Itulah politisi, hari ini bilang ”A”, besok bisa saja berubah jadi yang lain. Seperti halnya Zaenal Ma’arif. Wakil Ketua DPR dari Fraksi Bintang Reformasi itu beberapa waktu lalu mengejutkan banyak pihak ketika ia mengeluarkan pernyataan mundur dari jabatan Wakil Ketua DPR.
Tindakan ini diambil Zaenal setelah ia gagal terpilih sebagai ketua Partai Bintang Reformasi (PBR) dalam Muktamar PBR di Bali, 25 April 2006 lalu. Dia menilai jabatan itu tidak layak lagi dia pegang. ”Itu bentuk pertanggungjawaban saya. Kekalahan saya menunjukkan saya tidak pantas sebagai pimpinan. Mulai besok saya mengundurkan diri sebagai Wakil Ketua DPR. Saya tidak pantas di sana,” kata Zaenal kala itu.
Sikap Zaenal ini menimbulkan banyak komentar. Ditengah hilangnya etika dalam perpolitikan Indonesia, tindakan Zaenal ini dianggap sebuah pelajaran politik baru. Ilmuwan politik dari Universitas Gadjah Mada, Riswandha Imawan, dan Sekjen Forum Masyarakat Peduli Parlemen Sebastian Salang memuji langkah Zaenal yang telah memulai tradisi baru dalam politik Indonesia.
Tapi siapa sangka, seminggu kemudian, 1 Mei 2006, di Solo, Zaenal mencabut pernyataan mundurnya tersebut. Ia tetap ingin duduk di kursi pimpinan DPR. Keputusan itu, katanya, diambil setelah berkonsultasi dengan beberapa tokoh yang memintanya jangan mundur.

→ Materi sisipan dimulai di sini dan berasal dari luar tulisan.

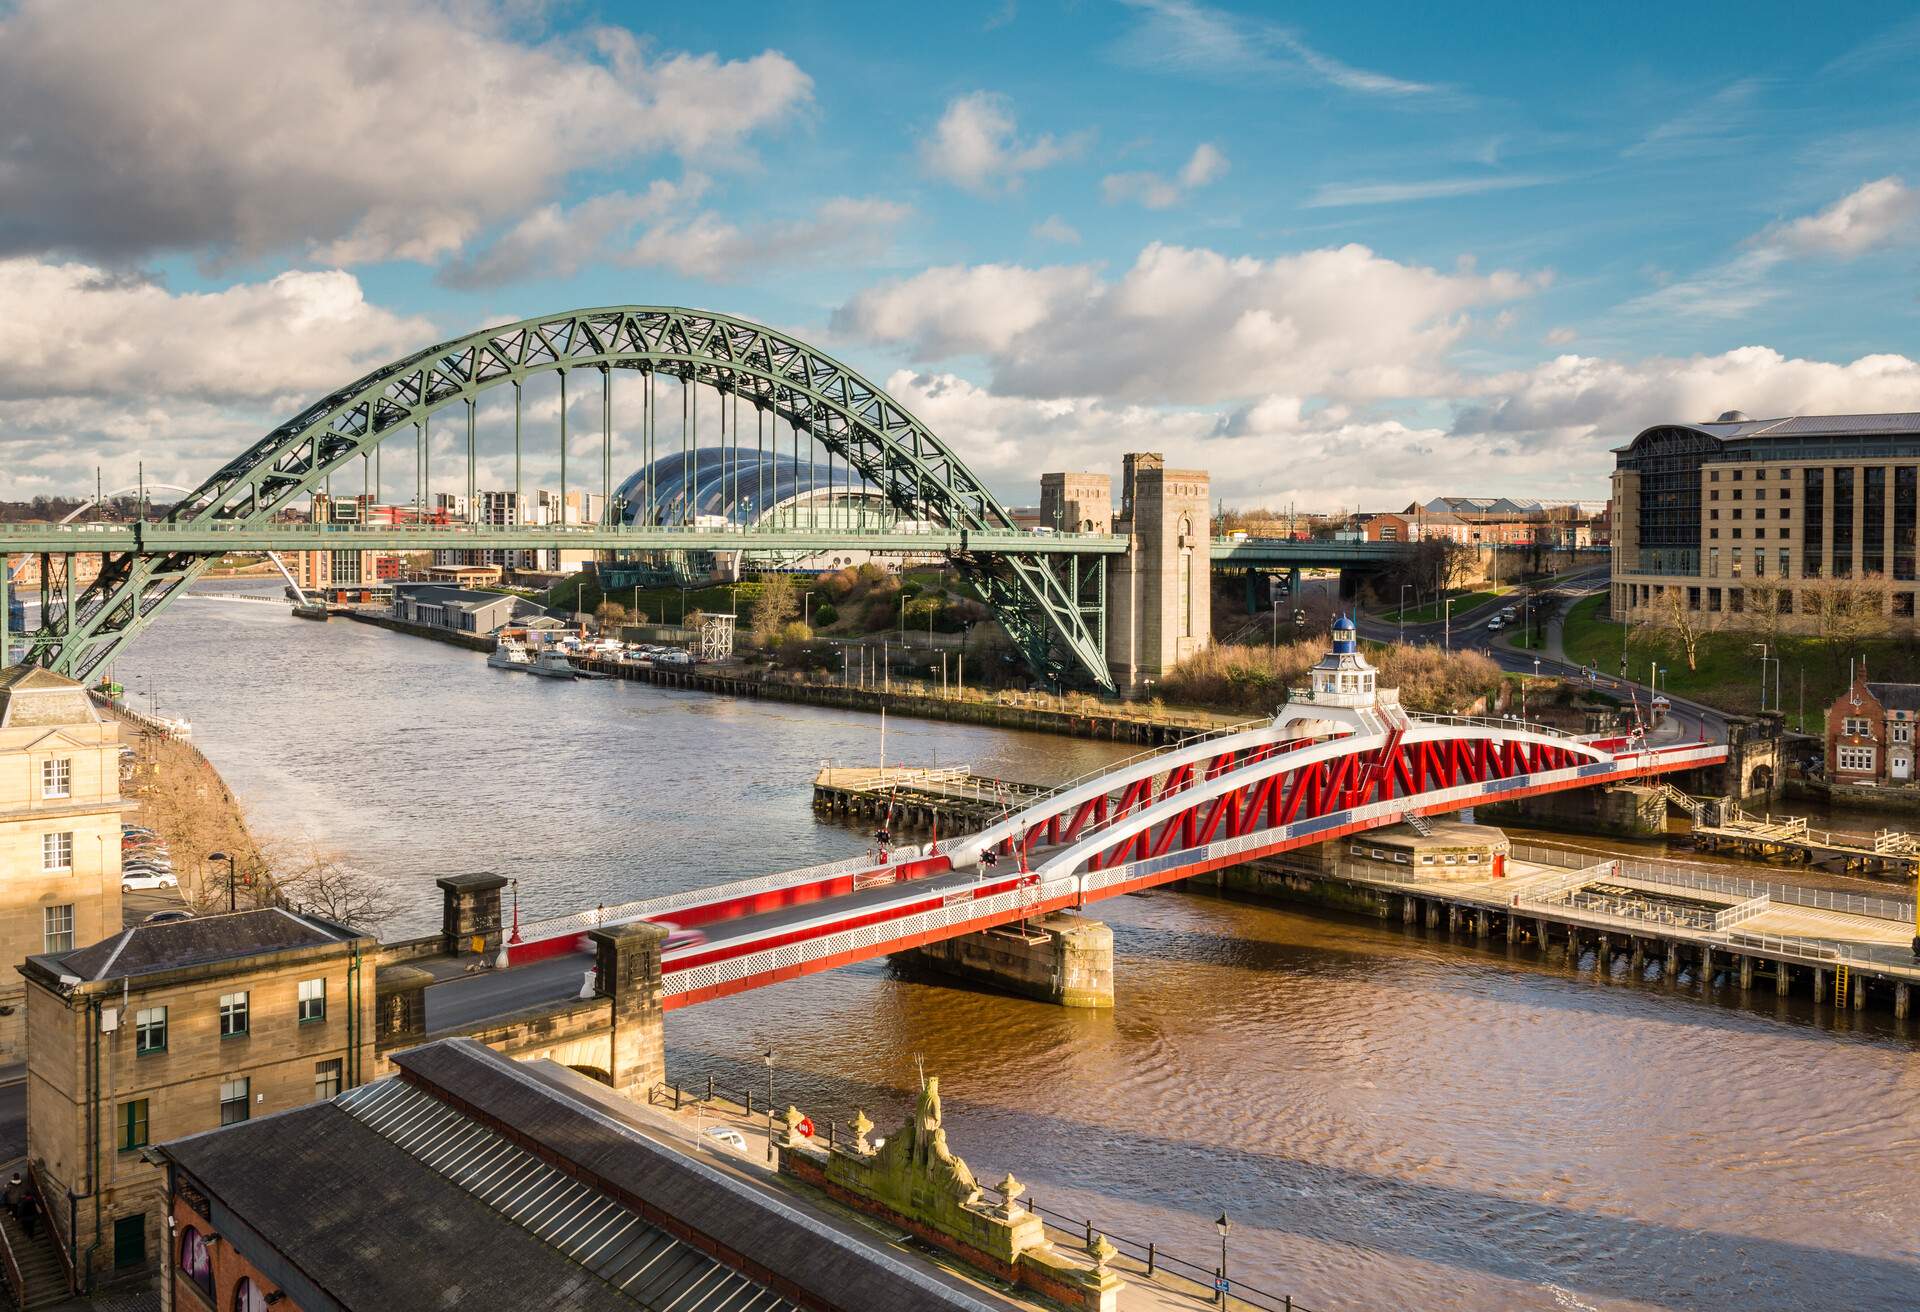 The iconic bridges over the River Tyne between Newcastle and Gateshead have become famous and attract many visitors to the quayside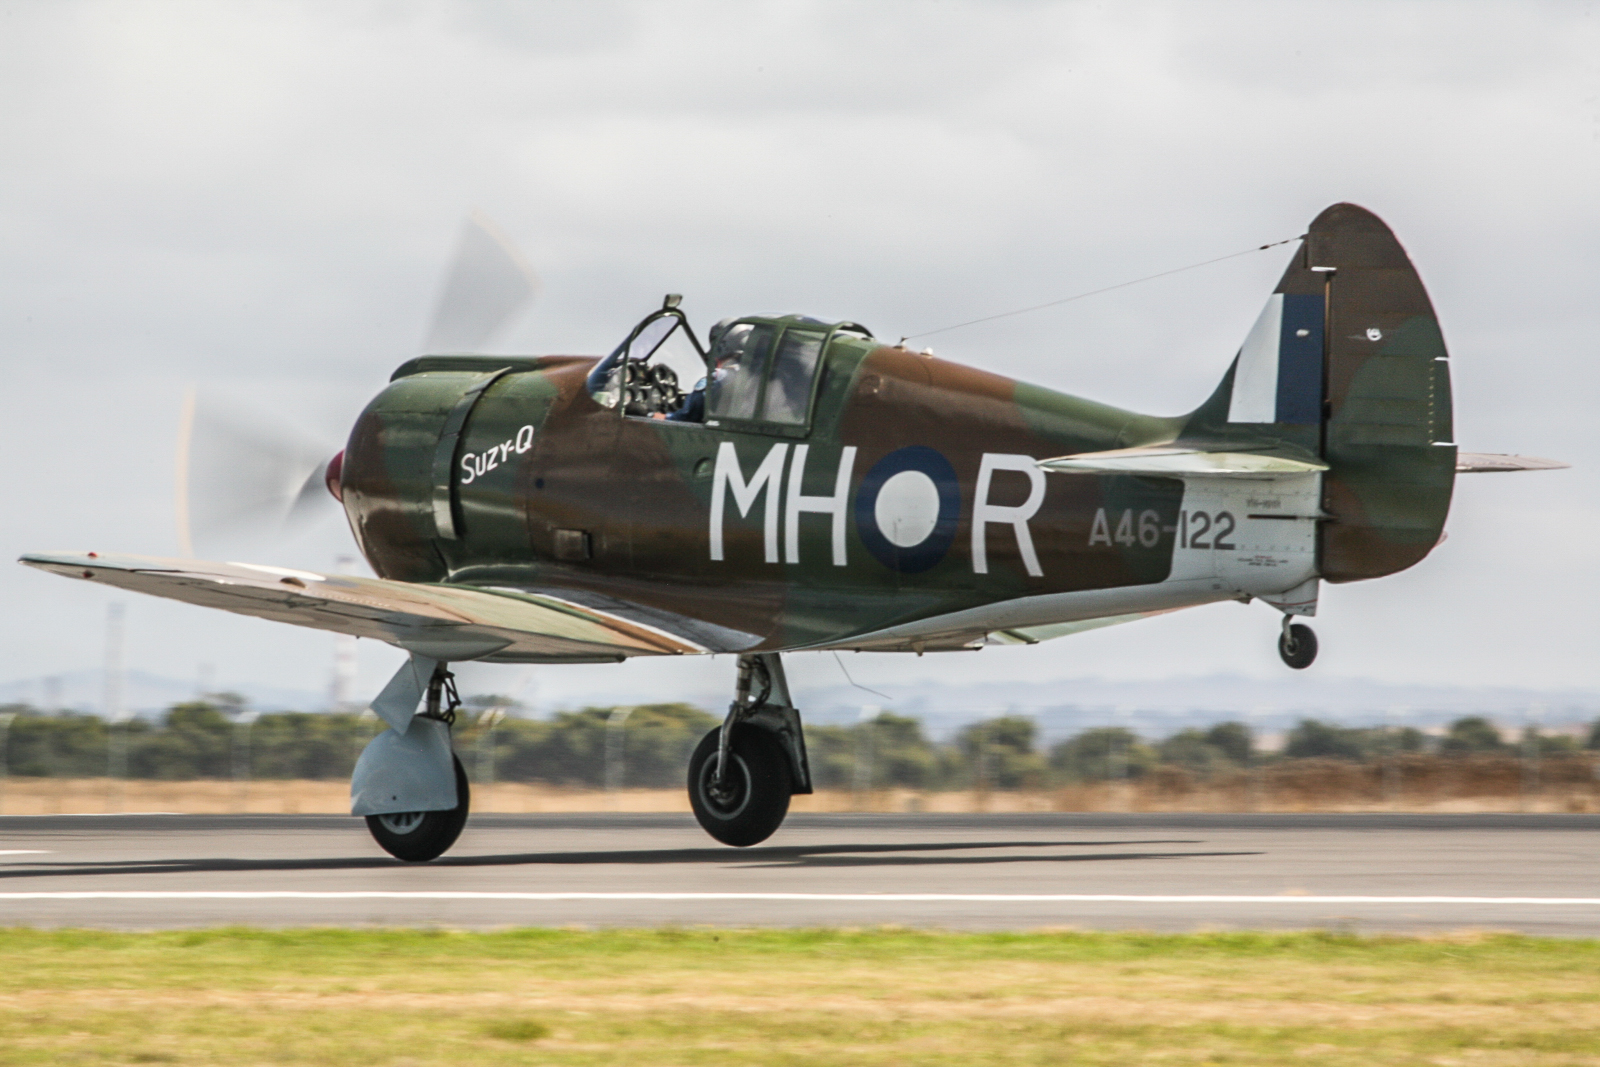 The Temora Aviation Museum's magnificent Boomerang A46-122, restored by Matt Denning, taking off for a flight in recent years. (photo by Phil Buckley)

Kontan sikap Zaenal yang berbalik 180 derajat ini menimbulkan komentar baru. Salah satunya muncul dari anggota Fraksi Partai Demokrat, Boy Saul. Ia menilai sikap Zaenal itu sangatlah tidak etis karena menarik kembali janjinya mundur dari Wakil Ketua DPR. Kritik Boy tersebut disampaikan dalam Rapat Paripurna DPR, Senin (1/5), seusai Ketua DPR Agung Laksono membuka Masa Persidangan IV Tahun Sidang 2005-2006. ”Pernyataan Zaenal sangat tidak etis dan mengurangi kredibilitasnya sebagai politisi,” katanya.
Sementara, Zaenal yang duduk dibarisan pimpinan DPR dalam sidang itu (di sisi kiri Muhaimin Iskandar dari Fraksi Kebangkitan Bangsa) hanya diam. Ia merapatkan tangan di mulut sambil menopang muka. Dikerumuni wartawan seusai rapat, Zaenal juga tak berkomentar, hanya tersenyum saja.
Dalam rapat paripurna tersebut Boy juga menghendaki kursi pimpinan DPR dibagi secara proporsional berdasarkan perolehan kursi seperti pimpinan komisi. Ia mendesak Ketua DPR Agung Laksono agar segera mengagendakan pertemuan pimpinan DPR dan pimpinan fraksi guna membicarakan komposisi pimpinan DPR yang baru.
F-PD menghendaki komposisi pimpinan DPR dibagi secara proporsional. Jika hal itu terjadi, F-PD yang memiliki kursi empat besar bisa mendapat jatah. Menanggapi usul itu, Agung hanya menjawab singkat, ”Pada saatnya nanti akan kita bicarakan.”